Add caching, tracing, logging, and batching to the plugin

craigtmoore commented 3 months ago

Adds caching using Caffine cache, logging with java.util.logging, tracing using opentelemtry, and inserts the data into the database using batching. We have some builds on our Jenkins instance that have over 29,000 test results so we added these changes to optimize performance.

Fixes #412

Update DatabaseTestResultStorage:
- add caseResultsCache
- add packageResultsCache
- update publish() method to use batch updates to improve performance
- Add @WithSpan annotation to each method
- add logger
Update DatabaseTestResultStorageTest:
- add basic unit-test with a mocked database
- move duplicate code segments to constants and methods
- print tables with proper column widths (and truncate values that are too large)
Update pom.xml:
- add opentelemtry dependencies (for tracing)
- add caffine dependency (for caching)
- add dependency on kotlin-std-lib-jkd8 to fix dependency resolution issues
- tie the hpi goal to the compile phase
update docker-compose.yaml:
- add commented out 'mysql' database config
- add jaeger server
- add jenkins server with otel agent embedded
docker-compose-with-zipkin.yaml: same as docker-compose.yaml, but using zipkin instead of jaeger
Add Dockerfile: creates an instance of the Jenkins docker image that includes the opentelemetry agent jar file, used to generate theweatherman/jenkins:lts-jdk17-otel image.
Add setup_jenkins.sh: bash script for installing the plugin and configuring jenkins to store junit results in the databse (works with the docker-compose.yaml)

Testing done

I re-used the existing tests to verify that I've introduced no new regressions, but also addeed a new unit-test to the getCaseResults_mockDatabase() method and verify that it loads the data correctly.

Submitter checklist

[x] Make sure you are opening from a topic/feature/bugfix branch (right side) and not your main branch!
[x] Ensure that the pull request title represents the desired changelog entry
[x] Please describe what you did
[x] Link to relevant issues in GitHub or Jira
[NA] Link to relevant pull requests, esp. upstream and downstream changes
[x] Ensure you have provided tests - that demonstrates feature works or fixes the issue

craigtmoore commented 3 months ago

As far as testing goes, the unit-tests at our company are quite large, over 29,000 test results in a single build. We're looking into using a plugin like this, but the performance was quite poor when first tried it (which is why I looked at improving the performance). At first I deployed it using mysql instead of postgres because I could not connect the database to Jenkins.

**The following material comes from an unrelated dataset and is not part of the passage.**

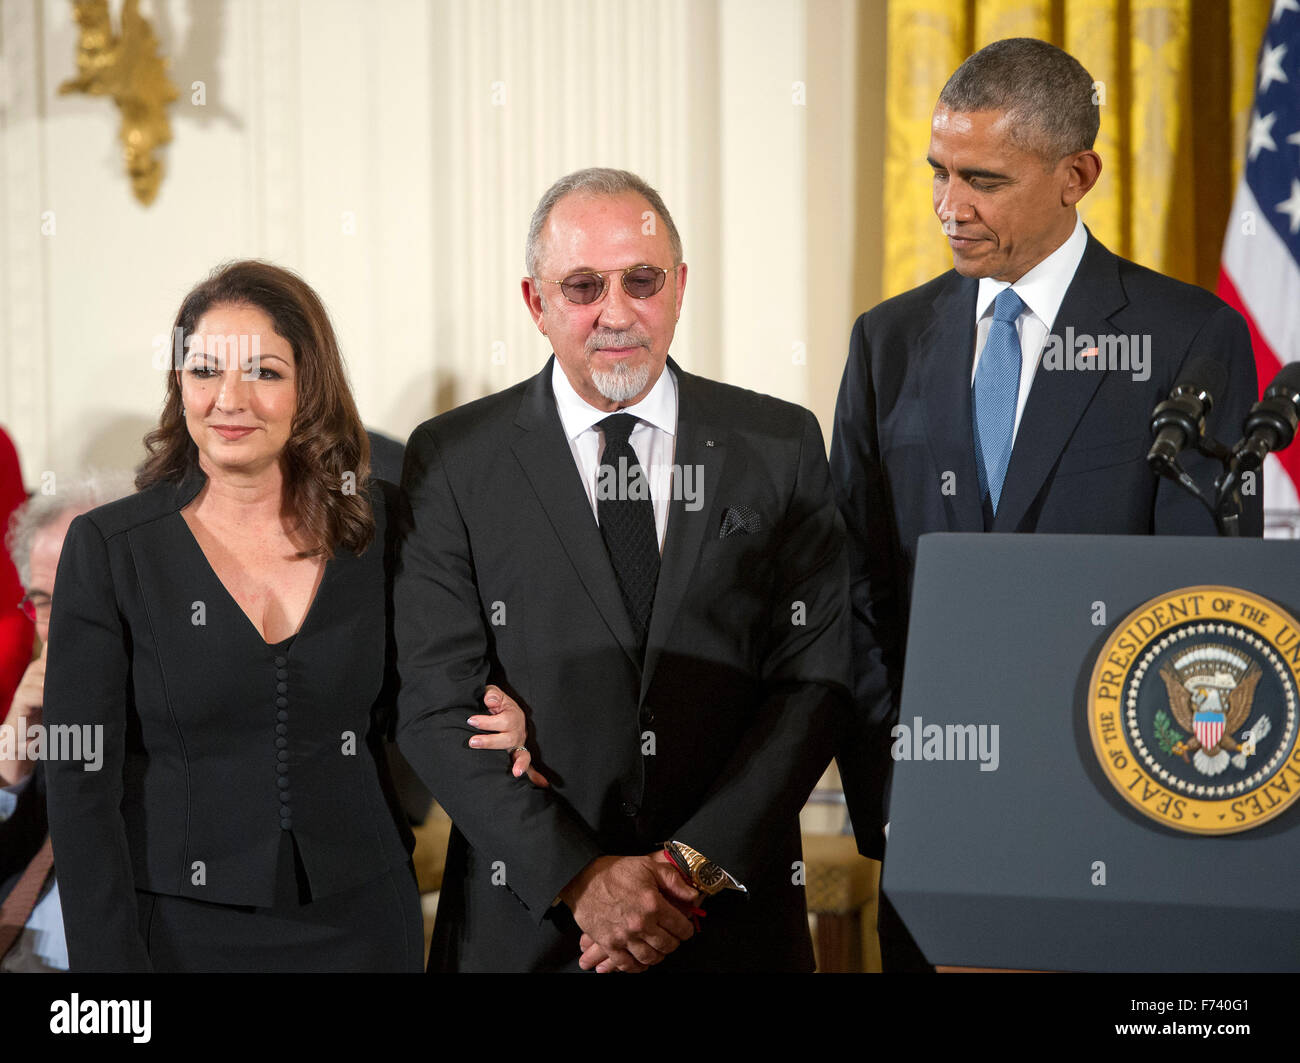 Gloria and Emilio Estefan (C) stand to receive the Presidential Medal of Freedom from United States President Barack Obama during a ceremony in the East Room of the White House in Washington, DC on Tuesday, November 24, 2015. The Medal is the highest US civilian honor, presented to individuals who have made especially meritorious contributions to the security or national interests of the US, to world peace, or to cultural or significant public or private endeavors. Photo: Ron Sachs/CNP/dpa - NO WIRE SERVICE - Stock Photo

Once I was able to deploy it using and connect it to a dockerized mysql database, I ran the following pipeline:

pipeline {
    agent any
    stages {
        stage('Extract test results') {
            steps {
                sh 'unzip -o /tmp/archive.zip -d build'
            }
        }
    }
    post {
        always {
            junit 'build/**/TEST-*.xml'
        }
    }
}

Basically, I downloaded the zip file with the large number of test results from our production Jenkins server and then copied that to the Jenkins instance, using:

docker cp archive.zip junit-sql-storage-plugin-jenkins-1:/tmp/archive.zip

Then I ran the pipeline and it took a long time to store the test results (nearly 3 minutes to store the results using a mysql database). So I added open telemetry to the plugin so I could see where the bottlenecks were. I decided to add batching to the publish method to help reduce the time it takes to store the values. This certainly helped, but the other problem was loading the test results took a really long time. I thought it might have been that the queries were too slow, but it turned out that the junit plugin was calling the getAllPackageResults over 1500 times (which can takes 100s of milliseconds) so I added caching which reduced the processing time down to 10s of microseconds for each method call. I decided to take it one step further and cache the value returned by the retrieveCaseResults() method (which I renamed getCaseResults()), this also really helped because the case results query takes ~20ms to run and that takes a long time when there are over 29000 test results. Also, that query was being called by many of the meta-data methods, like:

getFailedTests
getSkippedTests
getPassedTests By caching the caseResults, we avoided running the query repeatedly and reduced the processing time to 10s of microseconds.

So to answer your comment, yes I did a lot of testing to verify that my changes improved the performance. The telemetry that I added was also very useful in figuring out the bottle necks.

craigtmoore commented 3 months ago

I think I've resolved all of your comments, please let me know if there is any thing else. I really appreciate all of the feedback. I'm going to do a bit more testing, especially with junit attachments plugin.